About Writing GitHub Pub

A POSIX Queue Implementation

10 Sep 2014

In UNIX Network Programming Vol. 2, using tight code and clear diagrams, Richard Stevens gives an account of the POSIX message queue that anyone can follow Ste99 Ch. 5. His work inspired me to examine the implementation found in the illumos kernel.

What is a POSIX Message Queue?

The POSIX message queue, or queue for short, was first defined in POSIX.1b IEEE13. It provides inter-process communication like a pipe, but the similarities quickly stop there. The queue broadens the pipe abstraction in several key ways.

Queues provide message-based communication between unrelated processes using atomic reads and writes, FIFO ordering, and a multi-priority scheme. Their lifecycle is separate from the processes that use them and they allow asynchrony among producers and consumers. But what is a queue in the physical sense?

A Queue is a Glorified File

At its most basic level the illumos Queue is nothing more than a glorified mmap’d file. Actually, it is a set of four files:

All four files are needed, but the data file is most important. Each process maps this file to its local address space, allowing the queue to be treated like any other in-memory data structure.

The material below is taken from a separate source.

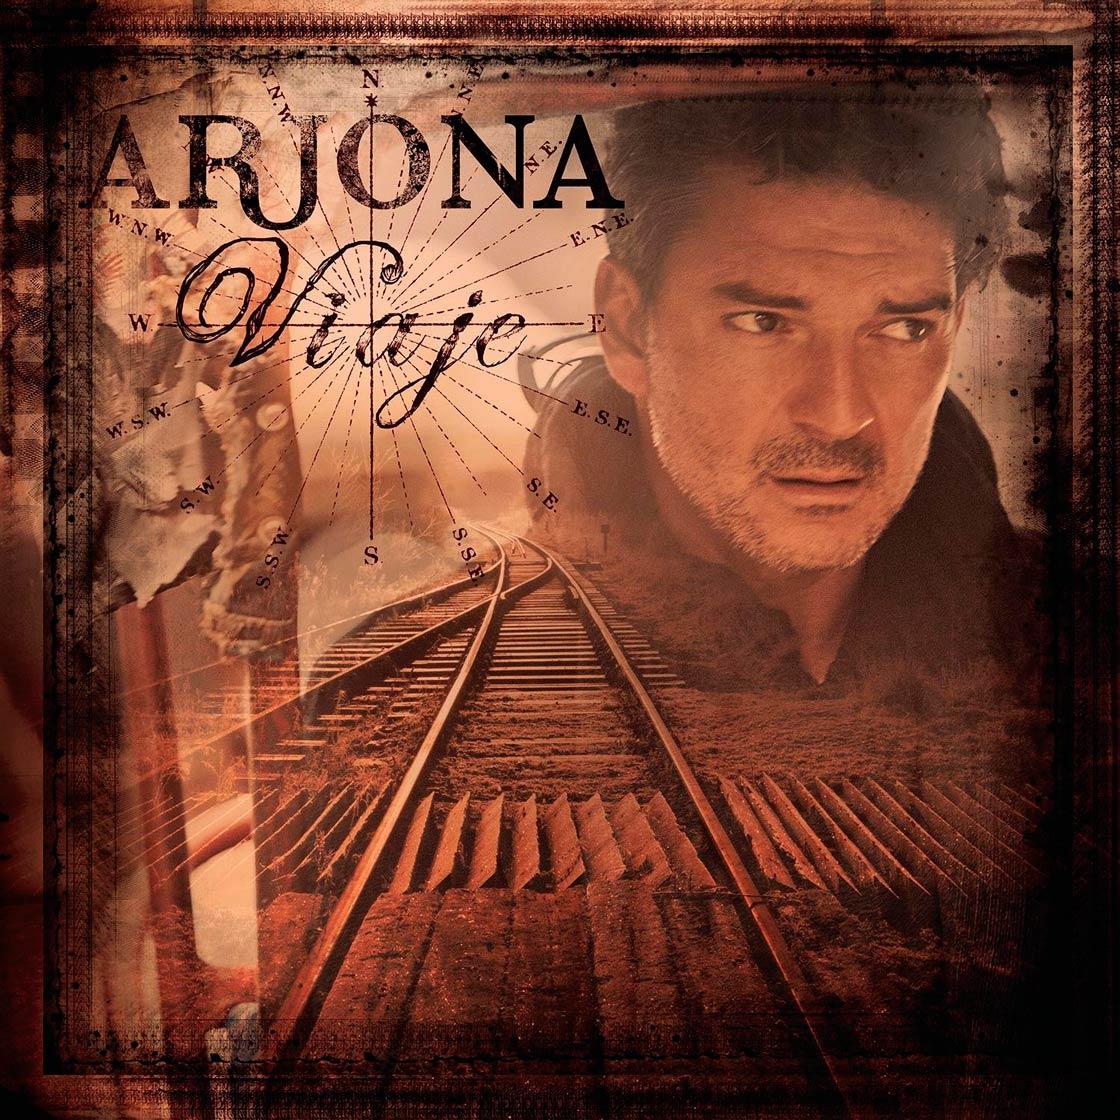 álbum de Arjona

As shown in Figure 1, each process maps the queue to a different location in its address space. This presents a challenge, preventing pointers from being used inside the data structure. A pointer to a message in one process’s address space could cause a segmentation fault in another. Offsets from the beginning of the data file are used instead. An offset, stored as an uint64_t, represents the number of bytes from the beginning of the file. The use of offsets explains the odd macros like MQ_PTR.

#define MQ_PTR(m, n) ((msghdr_t *)((uintptr_t)m + (uintptr_t)n))

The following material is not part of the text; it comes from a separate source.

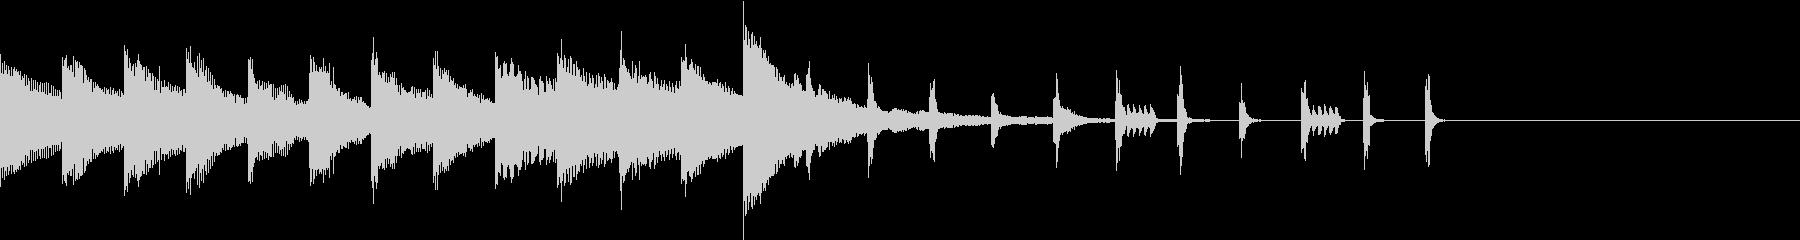 東南アジア ビブラフォン ハロウィン の未再生の波形

MQ_PTR converts an offset to a message pointer. Given a pointer to the queue header (m) and the offset of the message (n) it returns a pointer to the message header. This macro, along with friends HEAD_PTR and TAIL_PTR, bridges the physical memory layout and logical structure. In order to understand this macro better let us examine the layout of the queue data file.

Anatomy of a Queue

A queue consists of a header structure (mqhdr_t) followed by priority offsets and messages. The header is the window into the queue, containing all the information needed to correctly access the messages. Figure 2 divides the memory layout of the queue into four parts: ❶ general attributes, ❷ concurrency control, ❸ notification, and ❹ the messages. This figure assumes default attributes are used, each row represents a 64-bit cache line.

➊ General

Total Size
(mq_totsize) The total size, in bytes, for the entire queue. This includes the header, head and tail offsets, and all the messages.
Max Message Size
(mq_maxsz) The maximum size, in bytes, of a message payload. Default of 1024, may be changed during creation.
Max Number of Messages
(mq_maxmsg) The maximum number of messages allowed pending in the queue. Default of 128, may be changed during creation.
Max Priority
(mq_maxprio) The maximum priority of any message, hard-coded to 32.

➋ Concurrency Control

A mutex provides read and write atomicity. Two sempahores communicate the queue’s emptiness or fullness.

Exclusive Mutex
(mq_exclusive) Prevents concurrent writes from corruption and reading of incomplete messages.
Receive Semaphore
(mq_notempty) The number of messages currently on the queue. Readers block on this, writers use it to signal that a message is ready to be read. Its initial value is 0.
Send Semaphore
(mq_notfull) The number of free messages available. Writers block on this if the queue is full. Readers use it to signal a message has been freed. Its initial value is equal to mq_maxmsg.

➌ Notification

The fields mq_sigid, mq_ntype, mq_des, mq_rblocked, and mq_spawner are all related to notification. I will not discuss them in this post.

➍ Messages

Messages are delivered in FIFO order across 32 priorities. A read returns the oldest message of the highest priority. For efficiency, each priority is its own linked list. These logical linked lists are represented by physical offsets into the queue structure. The offset gymnastics make the implementation appear complicated but a queue is simply a linked list per priority. Physically, it’s a contiguous block of memory. Logically, it’s a set of 32 linked lists.

Offset to Free List
(mq_freep) Offset to head of the free list. At least one message must be on this list for a write to occur.
Offset to Head Offsets
(mq_headpp) Offset to the start of the head offsets.
Offset to Tail Offsets
(mq_tailpp) Offset to the start of the tail offsets.
Current Max Priority
(mq_curmaxprio) Records the current maximum priority; providing an index into the head and tail offsets, which are required for reading and writing.
Priority Mask
(mq_mask) A bit-vector tracking priorities that have pending messages. Needed to determine the next highest priority when the current maximum is drained.
Priority N Head & Tail Offset
The head and tail offset for priority N. Logically they represent pointers to the front, where messages are read from, and the back, where messages are written to, of that priority’s queue.
Message N
The header (msghdr_t) and body for message N. Messages are chained via the msg_next offset found in the header.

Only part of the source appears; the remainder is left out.